Controversial privacy history
Over the years, Facebook has been the subject of criticism, lawsuits, and threatened federal action over various changes to its privacy policy.

In 2007, Facebook announced its Beacon advertising service, which broadcast member activity on partner sites to their Facebook friends. If you bought a movie ticket on Fandango, for example, all of your Facebook friends would immediately know about it. The Beacon program unleashed a campaign from consumer advocacy groups including MoveOn.org as well as a class action law suit that was settled this September. As part of that settlement, Facebook agreed to shut down Beacon and to donate $9.5 million to an independent foundation to "fund projects and initiatives that promote the cause of online privacy, safety, and security."

In February of this year, Facebook found itself at the center of another privacy storm after it announced a change in its policy that would give the company seemingly perpetual control over user-supplied content. That prompted the Electronic Privacy Information Center to threaten filing a complaint with the Federal Trade Commission and also led to the formation of a Facebook group called People Against the new Terms of Service that attracted nearly 150,000 members protesting the changes. The uproar caused the company to rescind those changes and resulted in CEO Mark Zuckerberg holding a press conference where he announced that the company would create "a new approach to site governance" so that its decisionmaking would be more transparent.

Mandatory privacy settings
All users will soon be confronted with a "privacy announcement" informing them that they must configure their settings. Initially, you will be able to "skip for now" but you will later be required to go through the steps in order to continue using the service, according to Axten.

To encourage people to share information, Facebook has set the default to "everyone," but you can later go back to set more restrictive settings. You can also keep your old settings. If you're not sure what they are, you can display them by hovering over the radio button.

In the final step, Facebook displays your settings and gives you a chance to change them. At this point or at any time in the future you will be able to adjust any of your settings

The Facebook settings will be based on four basic levels: friends, friends of friends, everyone, and customize. If you belong to a network, you will also have the setting friends and networks. As before, you will also be able to customize settings to include or exclude specific friends or groups of friends.

Some information must be publicly available
Some information--including name, profile picture, gender, current city, networks you belong to, friend lists, and pages you're a fan of--will be available to everyone. The only way to keep that information from the general public is to not include it as part of your Facebook profile. Users also have the ability to limit what can be found via a search on Facebook and what information Facebook will make available to search engines like Google and Bing.

According to Axten, that information is being made publicly available to make it easier to find people using Facebook search, especially people with common names. If you locate a "John Smith" in a Facebook search, seeing his picture and knowing where he lives can make it easier to pinpoint the right person. Though not mandatory, Facebook, according to a spokesperson, is encouraging people to make other information public such as where they went to school or where they work. However Axten added that if a user had previously configured their privacy settings, they should keep what they already have.

While adults have the option of making content available to everyone, the maximum exposure available to users under 18 will be friends of friends or school networks.

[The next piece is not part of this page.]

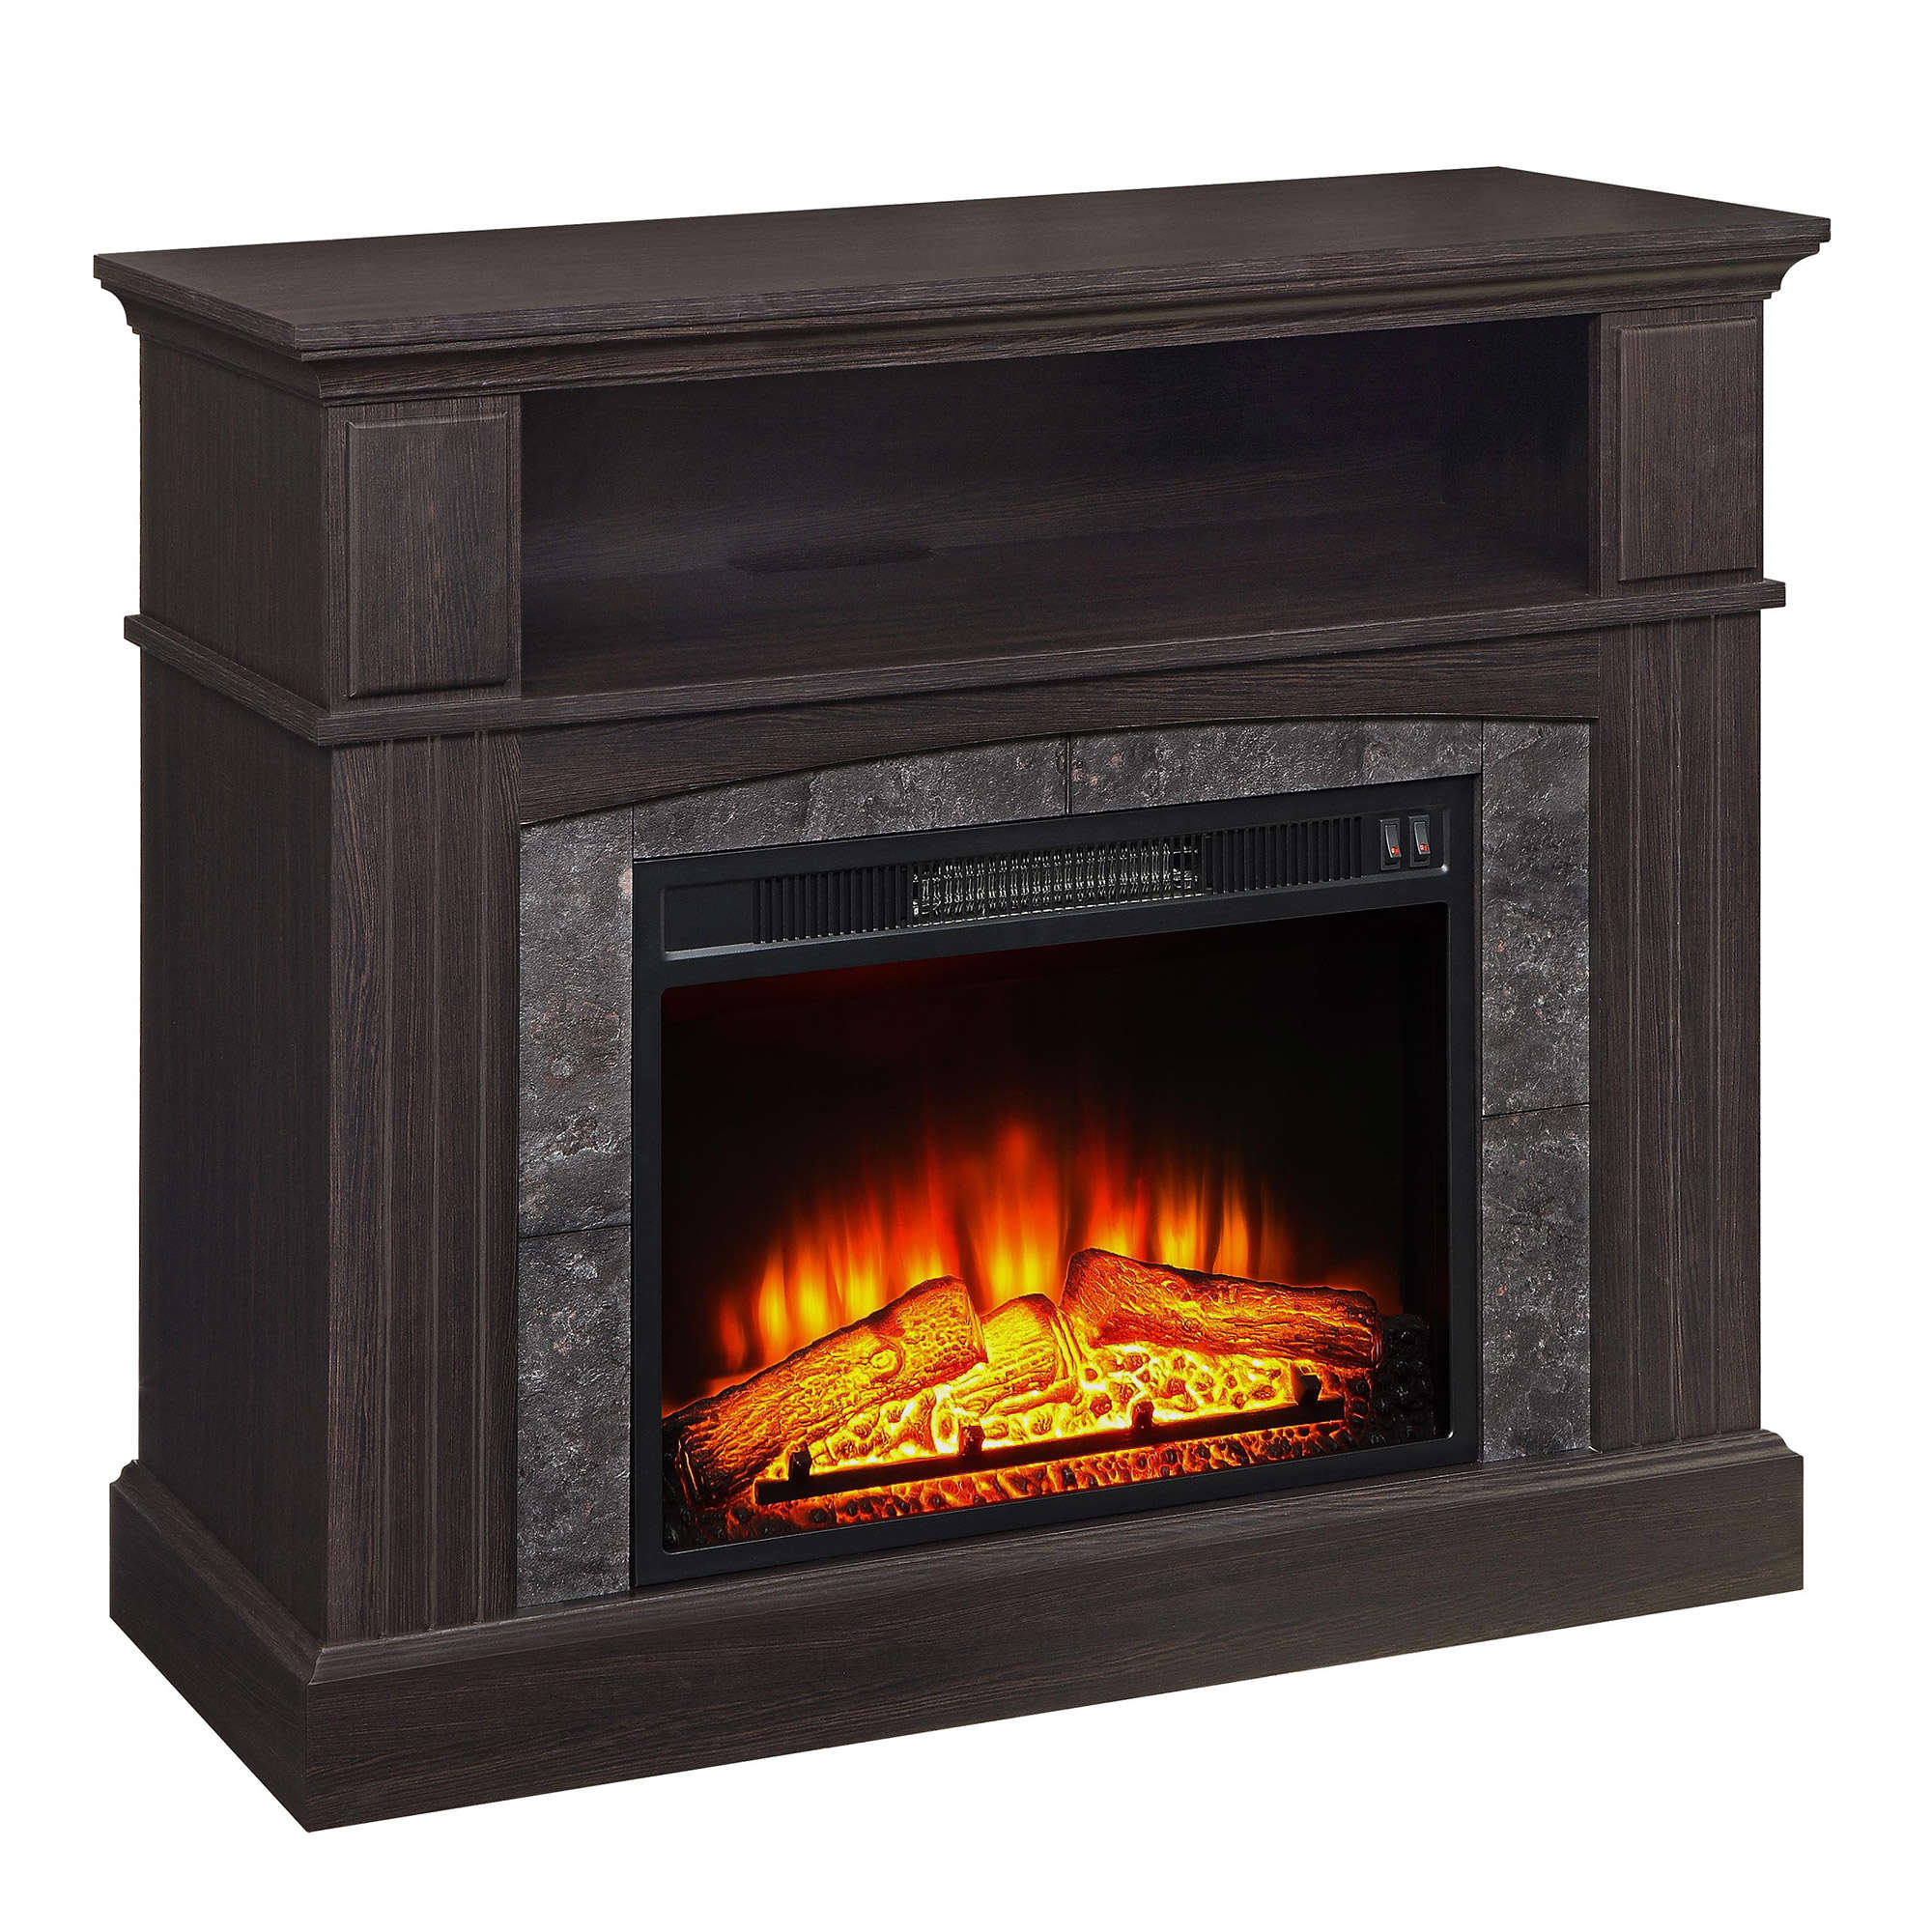 Whalen Media Fireplace for Your Home Television Stand fits TVs up to 50" Espresso Finish - image 3 of 5

Control over who gets to see your posts
The most important change is that you will now be able to specify who can see each piece of your content including status updates, photos, and videos. Each time you add content, you'll be able to determine whether it can be seen by everyone, friends and network, friends of friends, only friends, or a custom setting. Customized settings allow you to include or exclude individual people or lists of people. For example, one could share last night's exploits with his fraternity brothers but not with his fellow church members or office mates. The list feature, which has long been available, allows you to divide your friends into groups. For example, as a journalist, I encourage readers to "friend" me at Facebook.com/larrymagid, but I also maintain a list of "real world friends."

Third-party application settings
As in the past, you will have some control over the information that can be seen by operators of third-party Facebook applications. Facebook has added the ability to fully block an application from accessing any information but, in most cases, that will disable the application.

Facebook's Axten said that application developers will have access to all publicly available information, but can only access other information with the user's permission. Applications are also required to only access user information that is essential for them to run. The company, said Axten, has an enforcement squad to ensure compliance.

Facebook is also launching a new Privacy Center that will offer "a comprehensive guide that helps users understand and control how they share information."

Disclosure: Facebook is one of several companies that provides support to ConnectSafely.org, a nonprofit Internet safety organization I help run.

Shopping online does carry some risk, but so does shopping at brick-and-mortar stores. At least online shoppers don't need to worry about fender-benders in the parking lot, pick pockets at the mall, or getting the flu from all those fellow shoppers.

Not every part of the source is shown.